> **WHAT THIS TASK INVOLVES**: In your copy, each line below is repeated exactly and no image appears.

> **AVAILABLE DATA**:

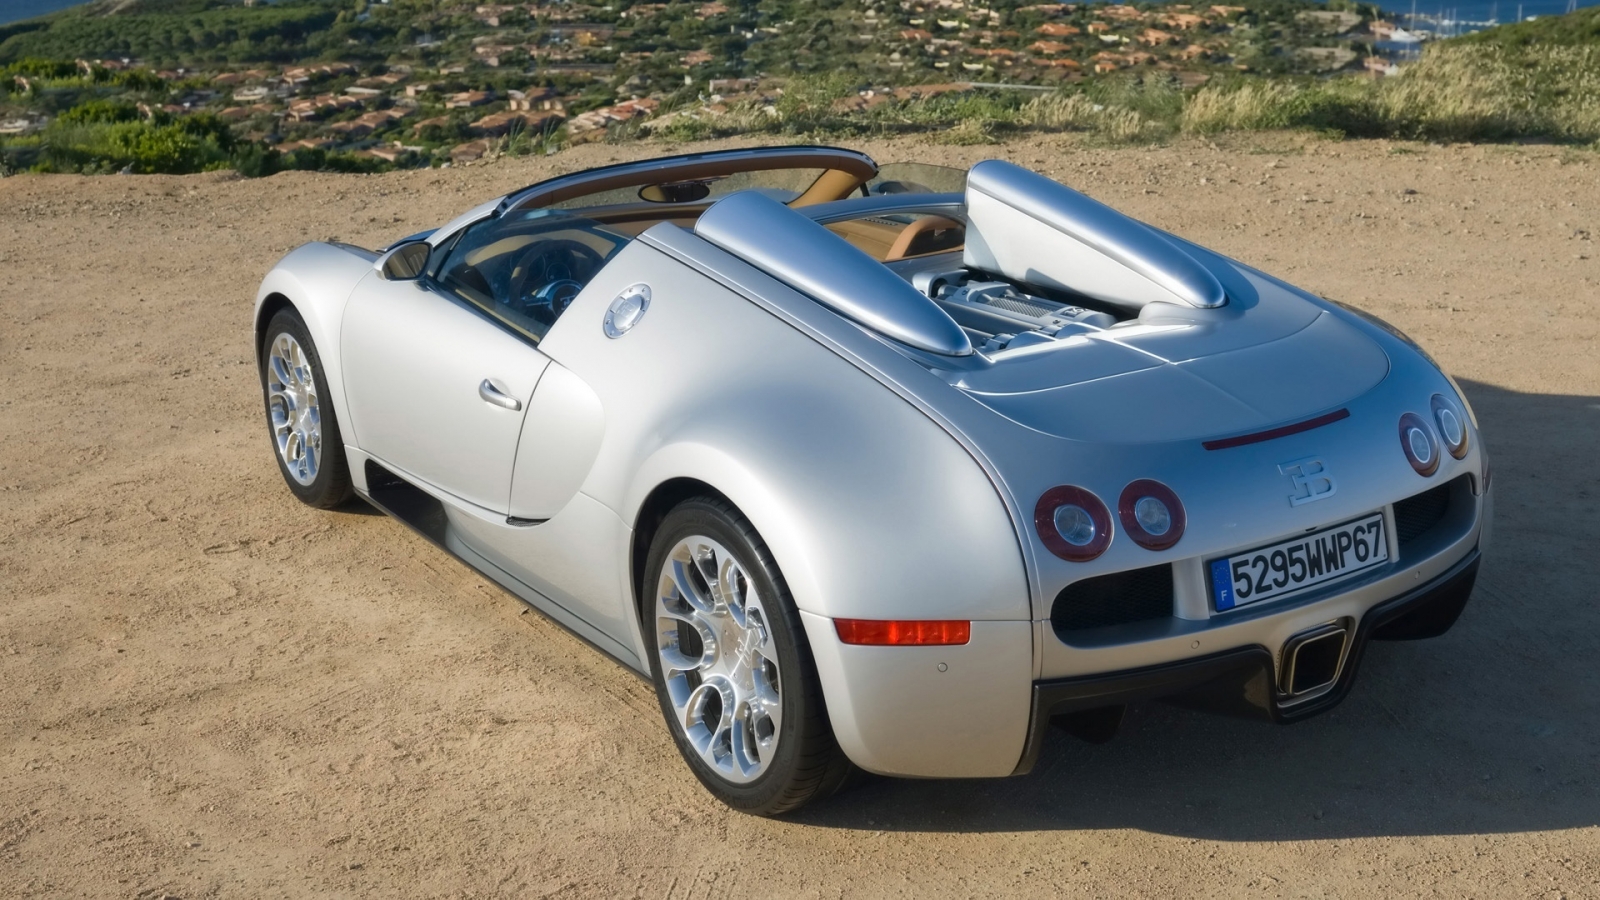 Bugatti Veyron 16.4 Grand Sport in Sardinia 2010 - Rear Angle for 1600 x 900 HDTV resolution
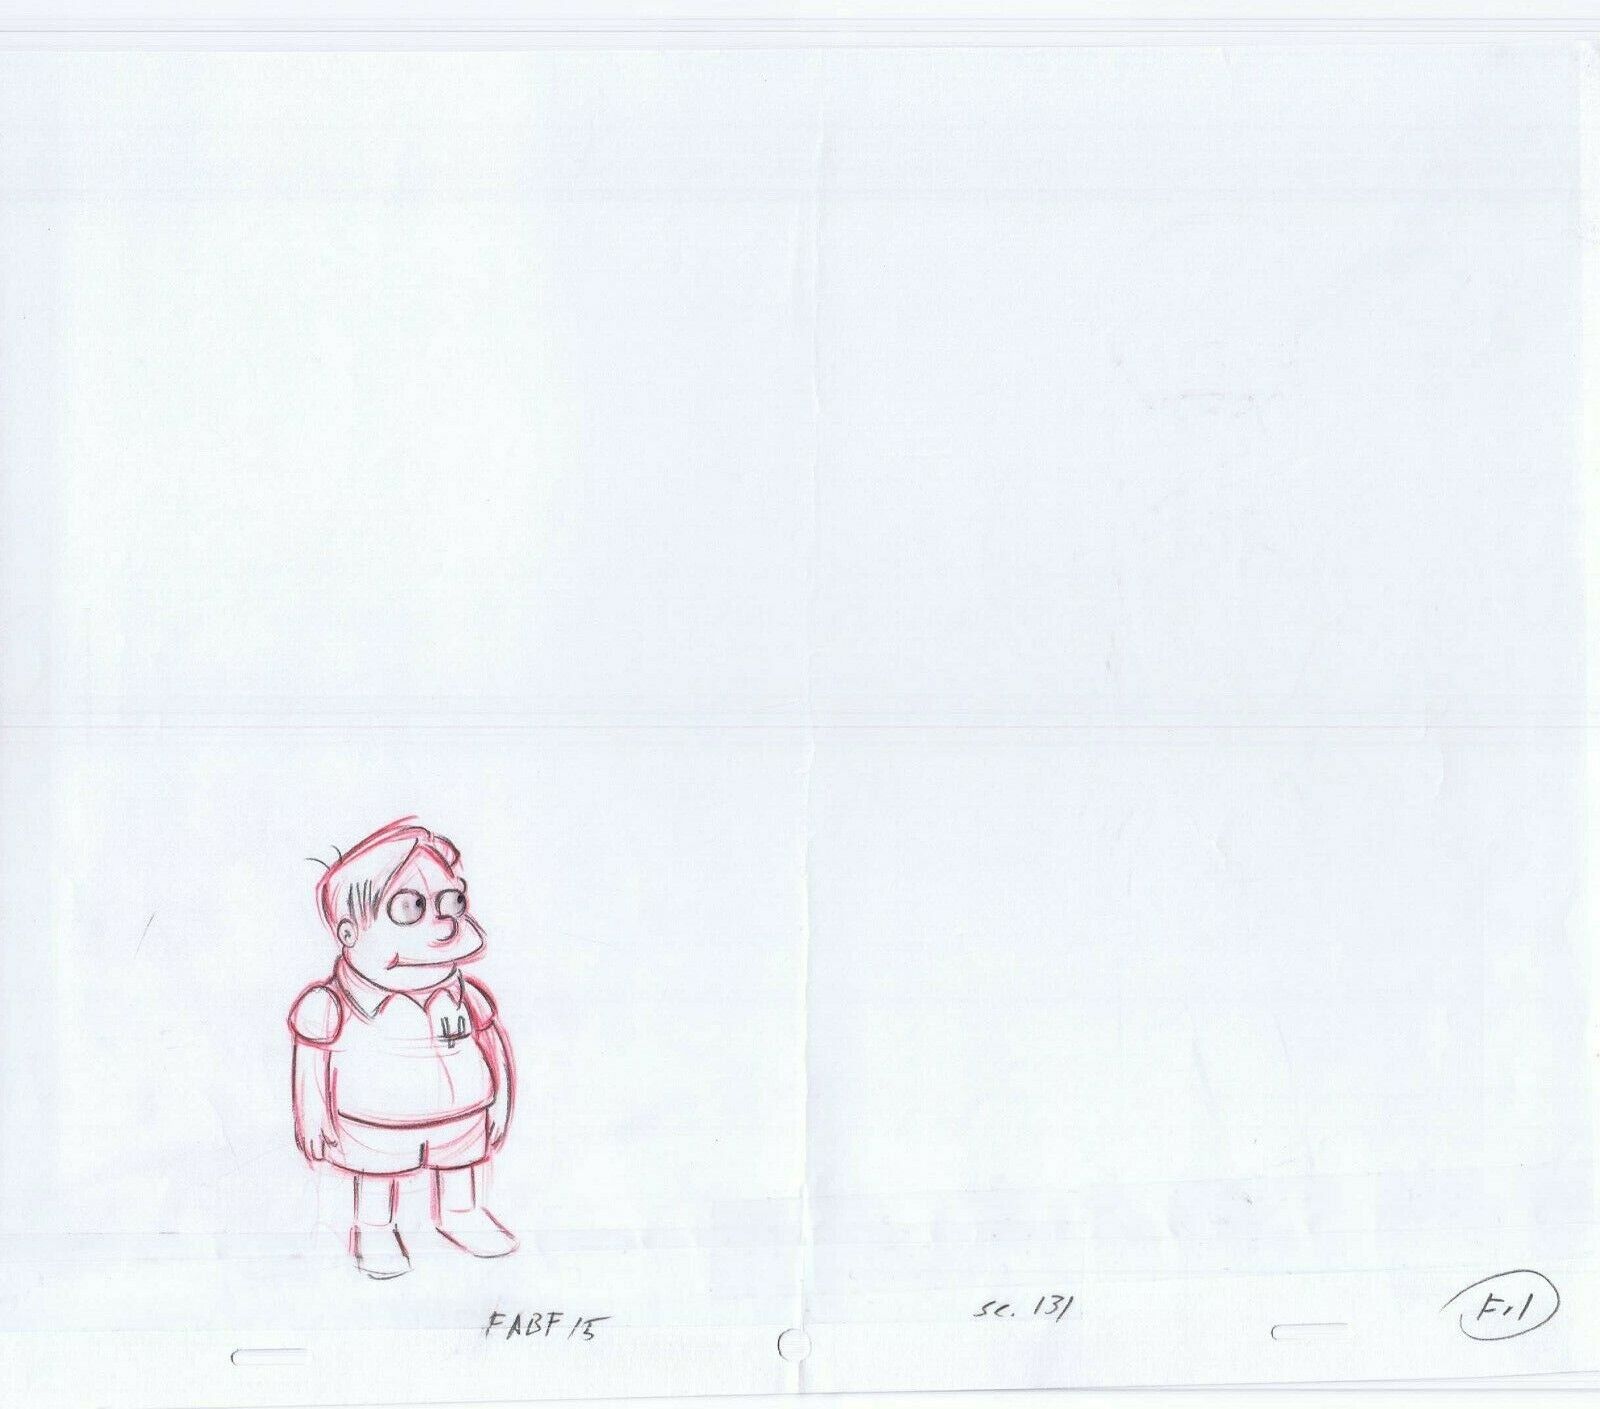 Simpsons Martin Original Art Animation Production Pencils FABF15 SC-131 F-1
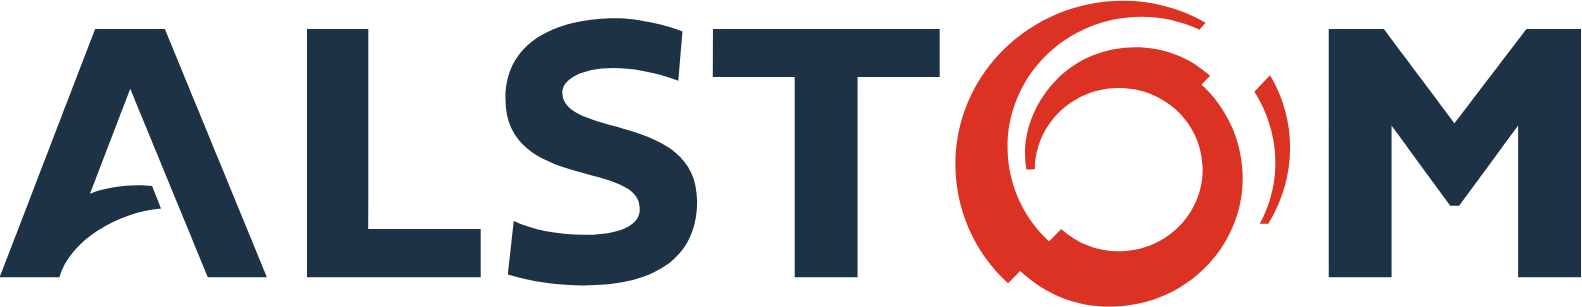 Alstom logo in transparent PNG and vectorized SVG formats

> **SOLUTION TO THIS PROBLEM**:
 Bugatti Veyron 16.4 Grand Sport in Sardinia 2010 - Rear Angle for 1600 x 900 HDTV resolution
 Simpsons Martin Original Art Animation Production Pencils FABF15 SC-131 F-1
 Alstom logo in transparent PNG and vectorized SVG formats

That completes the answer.